# Compression Fittings And Gas



## yoey (27/2/09)

For anyone with some knowledge of plumbing...

Is it ok to use the brass compression fittings from bunnings (those with the nylon olive) in plumbing used for gas?

The fact that there are different types of plumbers tape for water and gas got me wondering and I just wanted to check.

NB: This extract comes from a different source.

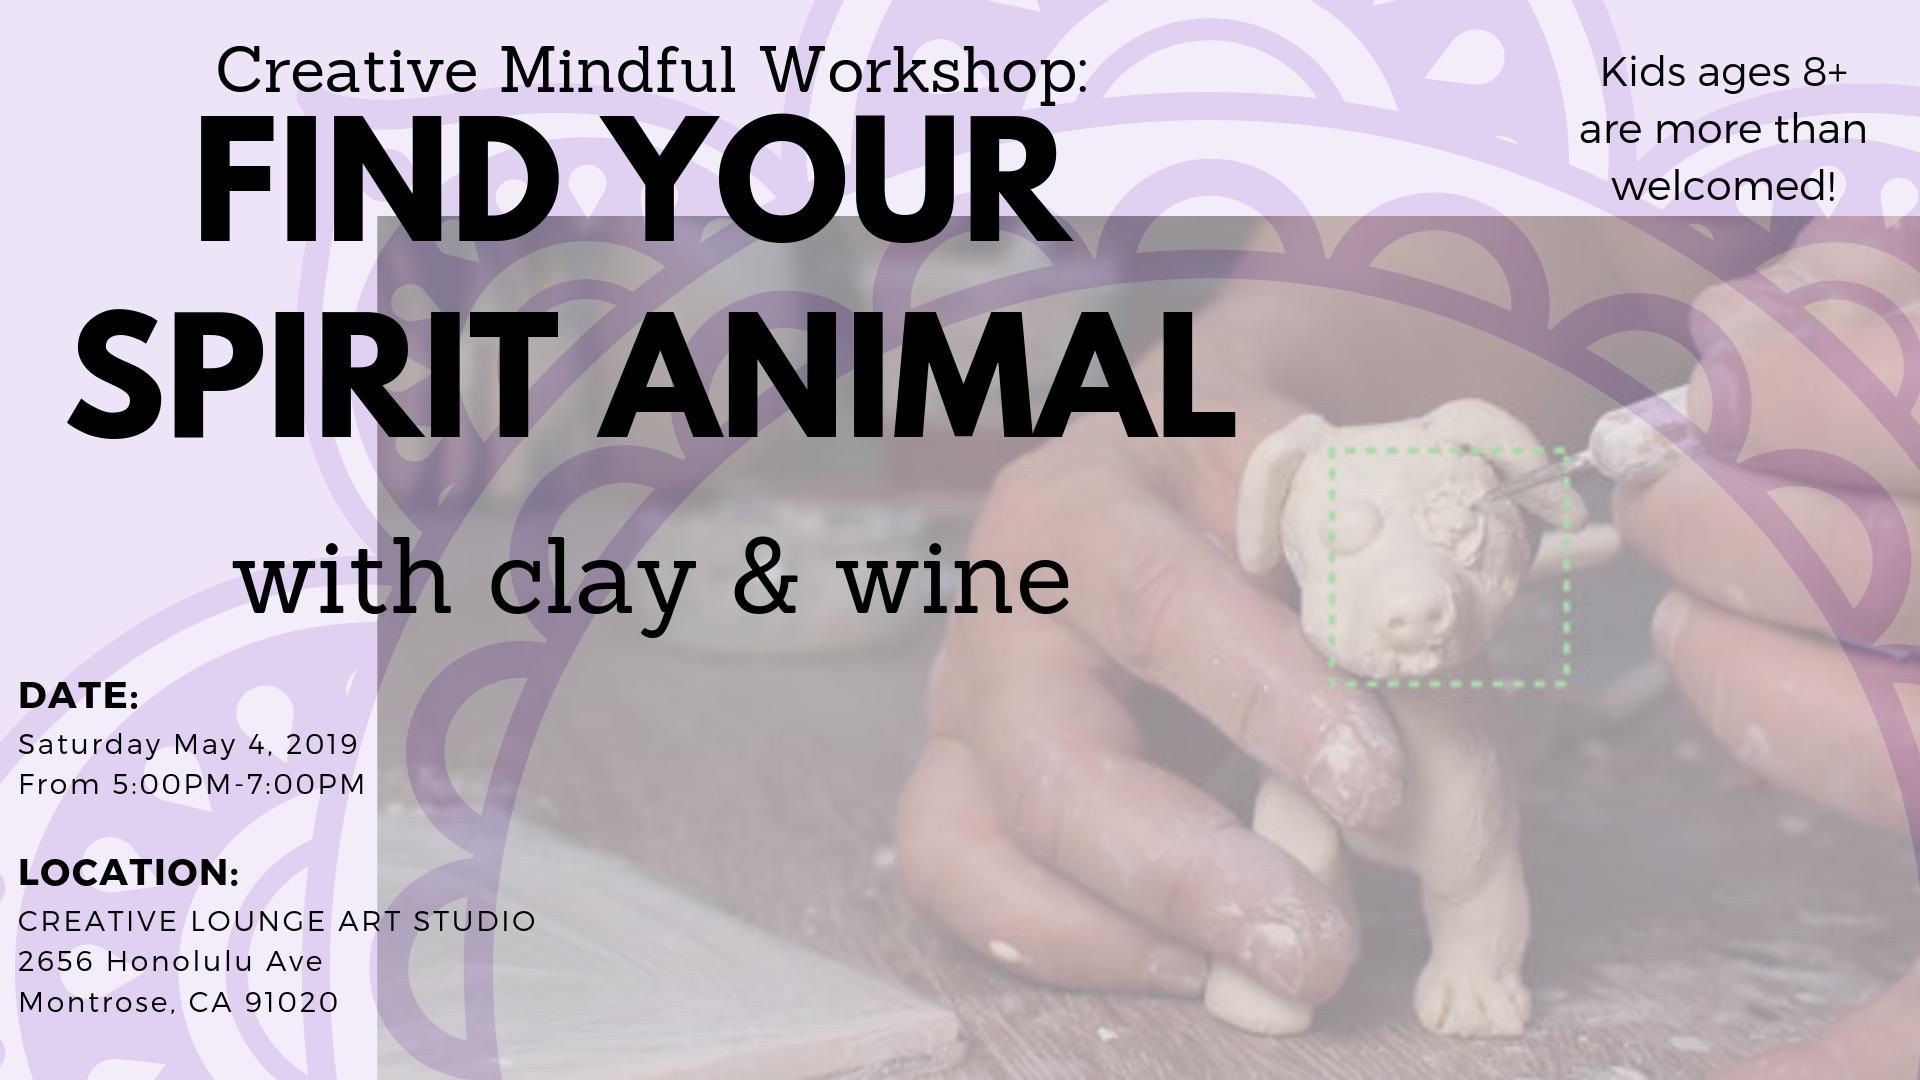 Creative Mindful Workshop: Clay Spirit Animal

Any advice greatly appreciated!


----------



## SpillsMostOfIt (27/2/09)

The plumbers that did all the gas plumbing in my brewery used standard copper/brass fittings where appropriate, but used some potions, one of which they called 'snot'. I got them to do it because I am less comfortable with a gas leak of my own creation than I am with a water leak of similar origin...


----------



## lobo (27/2/09)

yoey said:


> For anyone with some knowledge of plumbing...
> 
> Is it ok to use the brass compression fittings from bunnings (those with the nylon olive) in plumbing used for gas?
> 
> ...




definatley not, the only compression fittings to be ued for gas are copper to brass, or brass to brass fittings. flared type or barrell union type. i wouldnt recommend doing your own gas work at all. it is a highly regulated part of the plumbing industry and you really need to know what you are doing. stuff up your water plumbing and you get wet, stuff up your gas plumbing and people could get burnt/die.

cheers,

Lobo


----------